The house was deep in the country, with no other house in sight, and the children had been in London for two years, without so much as once going to the seaside even for a day by an excursion train, and so the White House seemed to them a sort of fairy palace set down in an earthly paradise. For London is like prison for children, especially if their relations are not rich.

Of course there are the shops and the theatres, and Maskelyne and Cook’s, and things, but if your people are rather poor you don’t get taken to the theatres, and you can’t buy things out of the shops; and London has none of those nice things that children may play with without hurting the things or themselves--such as trees and sand and woods and waters. And nearly everything in London is the wrong sort of shape--all straight lines and flat streets, instead of being all sorts of odd shapes, as things are in the country. Trees are all different, as you know, and I am sure some tiresome person must have told you that there are no two blades of grass exactly alike. But in streets where the blades of grass don’t grow, everything is like everything else. This is why so many children who live in towns are so extremely naughty. They do not know what is the matter with them, and no more do their fathers and mothers, aunts, uncles, cousins, tutors, governesses, and nurses; but I know. And so do you now. Children in the country are naughty sometimes, too, but that is for quite different reasons. . . .
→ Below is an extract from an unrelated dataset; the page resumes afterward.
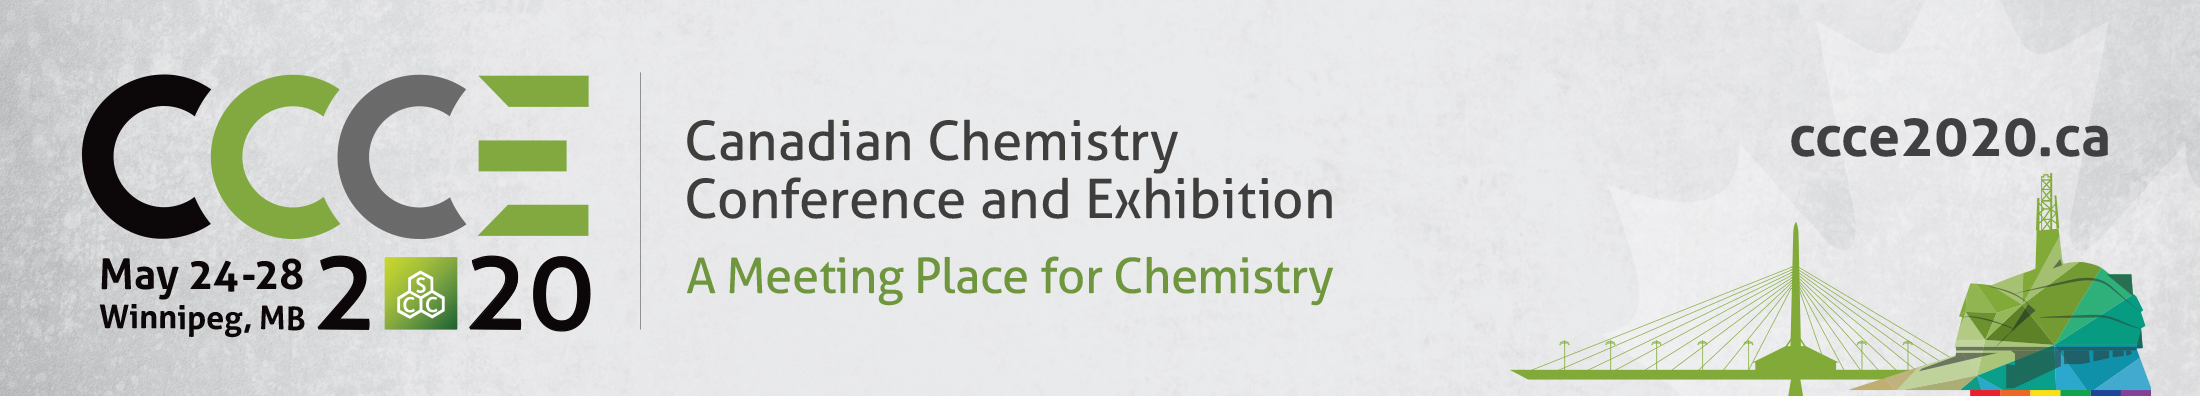 Canadian Chemistry Conference and Exhibition

The best part of it all was that there were no rules about not going to places and not doing things. In London almost everything is labeled “You mustn’t touch,” and though the label is invisible it’s just as bad, because you know it’s there, or if you don’t you jolly soon get told.

3 Comments:

At 10/13/2011 6:43 PM, Anonymous KNG said...

You quoted two of my favorite sections!

 
At 10/13/2011 7:47 PM, Blogger Degolar said...

:-)

 
At 10/14/2011 11:05 AM, Blogger CDL said...

When I read this book, I had to keep going back to look at the original publication date. And since reading it, I have noticed E. Nesbit as an influence or style in descriptions of newer books. I'm sure it just wouldn't have registered previously. I need to remember to add her to my list of ideas for reading during the reading challenge this winter.